The Enlightenment of Magnus McKay
“Find the right john and lock him in,” Lalita supplied.
“Right,” said Nong.
So it all pointed to luck after all. For luck you needed an expert. The monk at Wat Tanorn was from Surin; he spoke to her in her own Khmer dialect and liked to discuss the rice harvest and other agricultural matters. “The sow under the house is pregnant,” she told him, “due in a week’s time.”
Phra Tanatika knew Lalita’s mother and father, both of whom were highly respected: poor but devout and dependable. Nobody wanted to see her mother go blind, or her father die, if it could be helped. In other words, he had to balance spiritual duty with community service. He tried to use his gift of clairvoyance wisely, in a way consistent with spiritual evolution. Lalita never told him she was a prostitute: she didn’t need to.
“I’m having trouble making ends meet but I do work in a field where I meet farang men quite a lot and I’m wondering if astrologically this is a moment when I can expect to meet my Number One, or someone close to it,” Lalita explained.
“Tell me again, your date and time of birth?”

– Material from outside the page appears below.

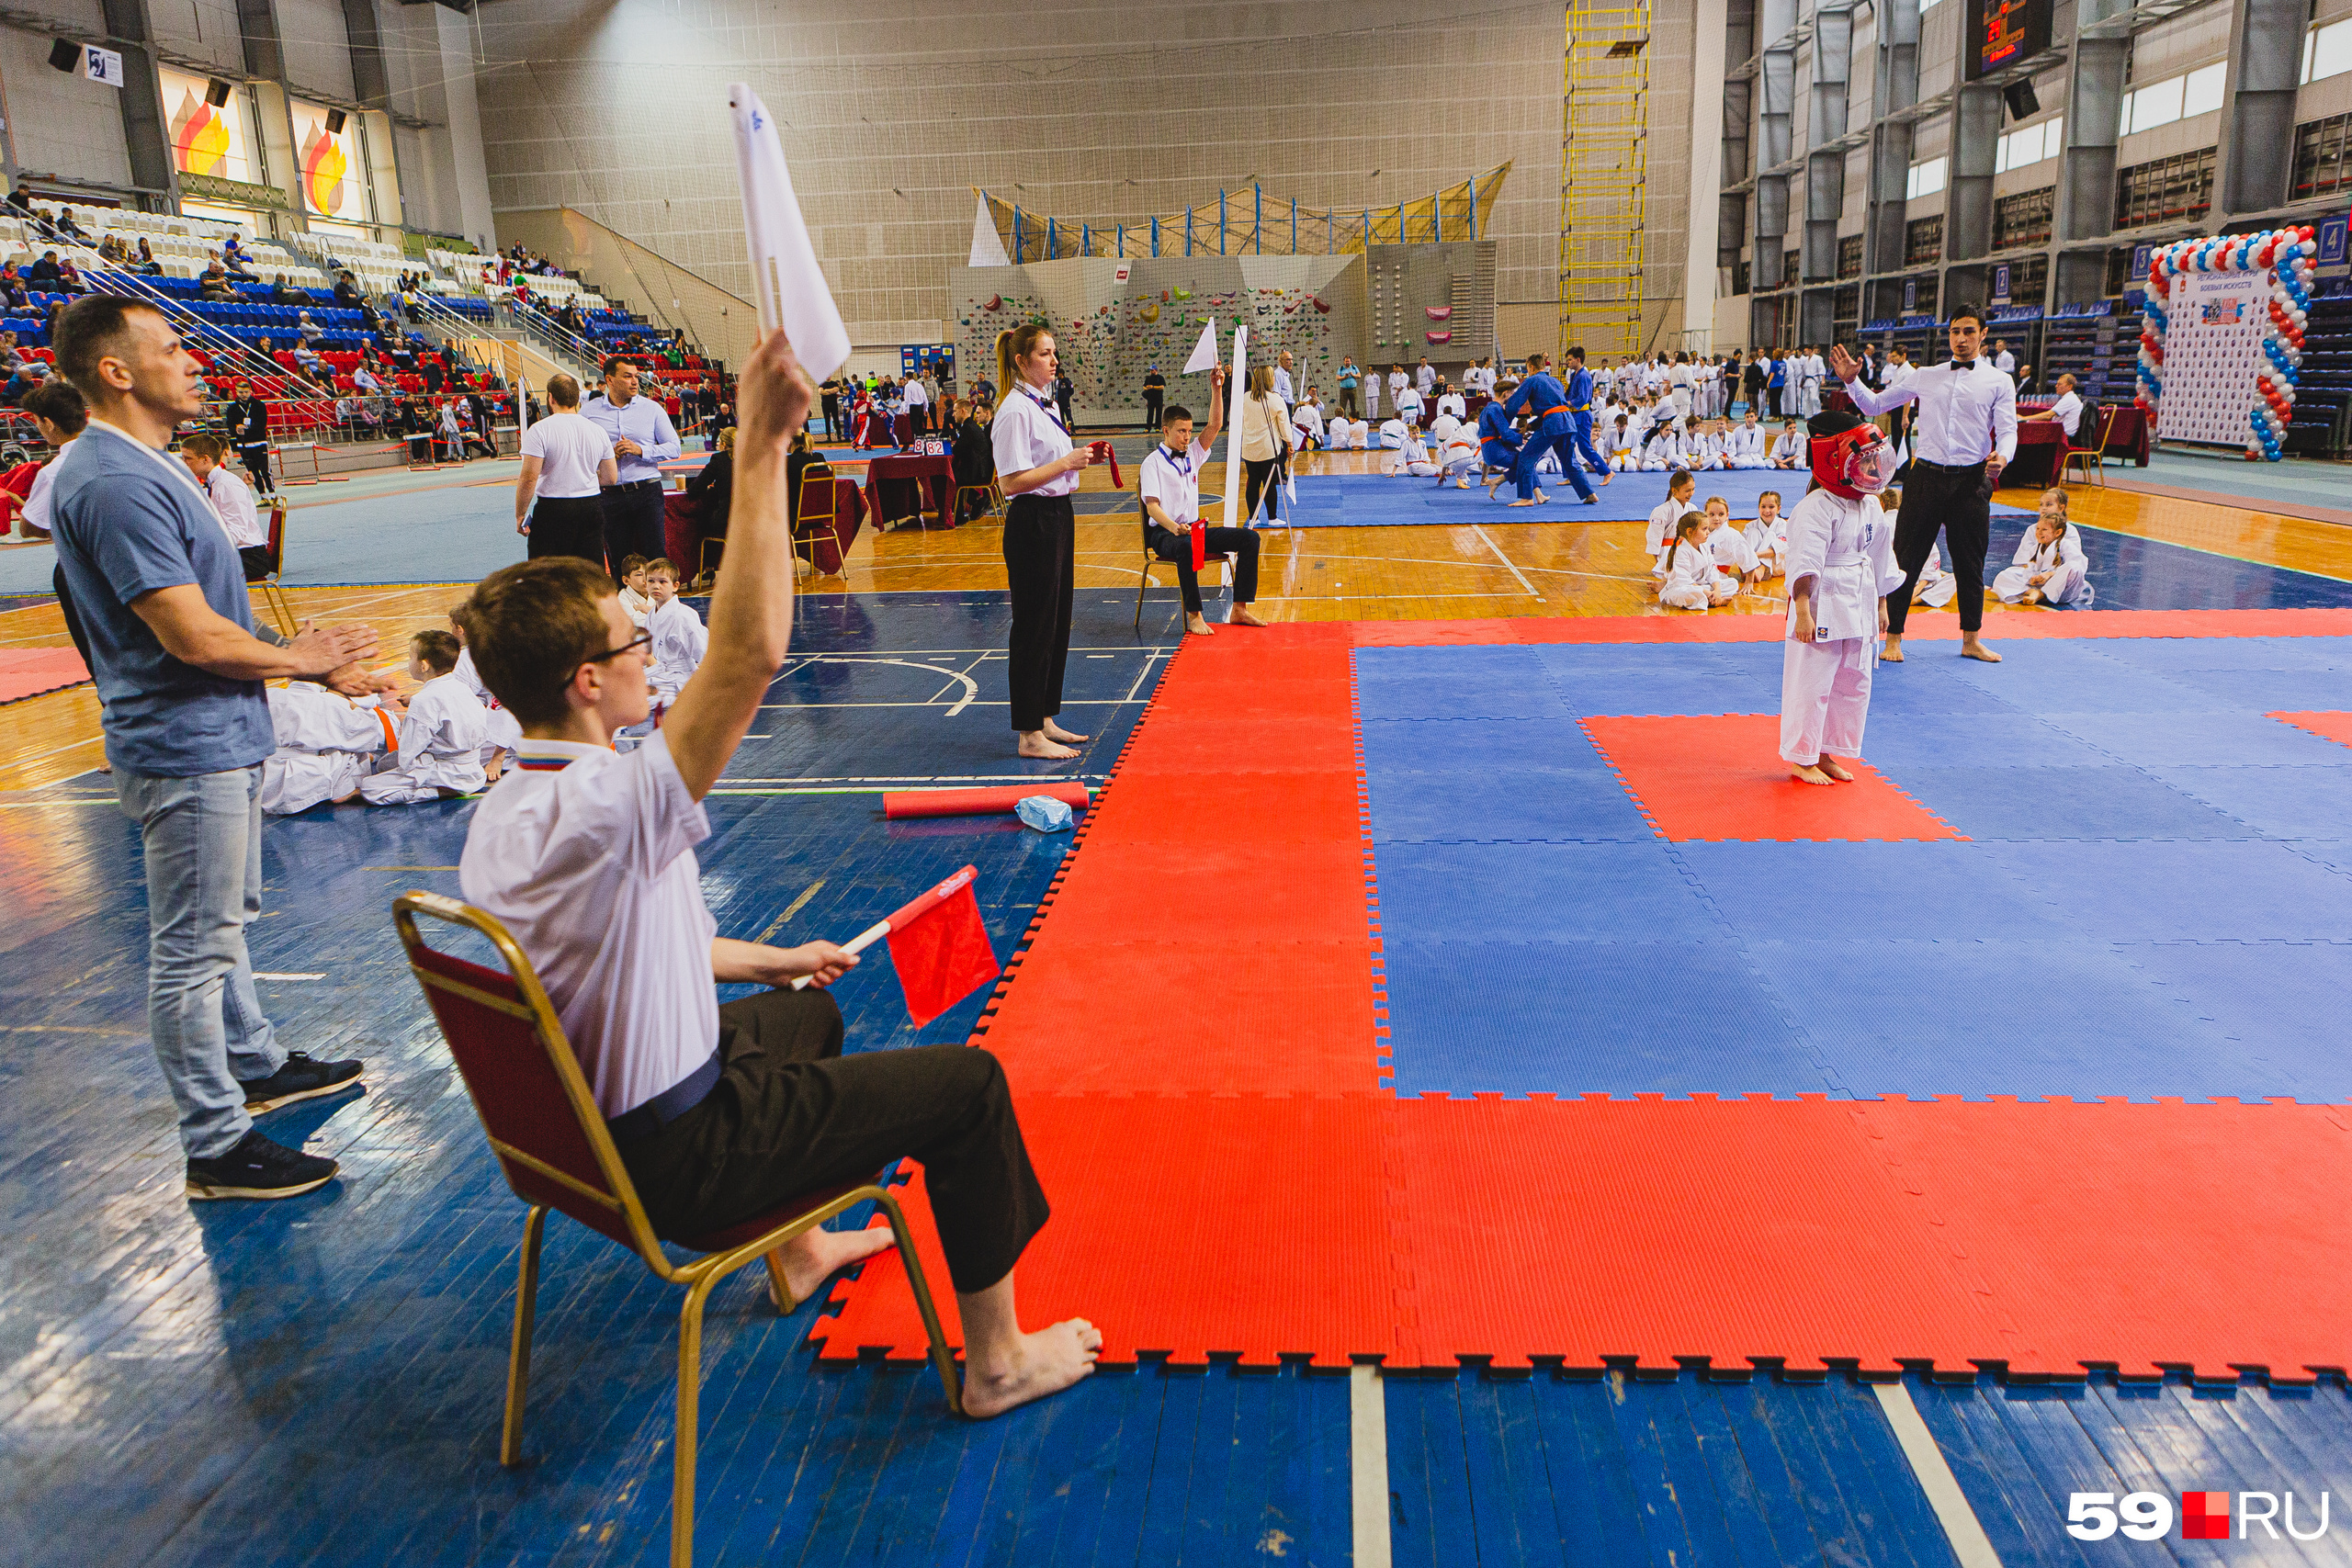 Соревнования проходили в СК Сухарева

In Thailand everyone uses the Chinese horoscope, with some Hindu flourishes. Lalita was born in the year of the metal rabbit. This meant that although sensitive, smart and more than a little inclined to freak out when life got tough, nevertheless there was about her a persistence, even a stubbornness, which no one ever saw except in extremis. Then there was the hour of her birth, which in the young was at least as important as the year. Phra Tanatika was impressed with her dragon rising. It was tremendously well aspected at this moment and he told her so. But when she looked up at him, there was something else in her eyes, something that made him very sad.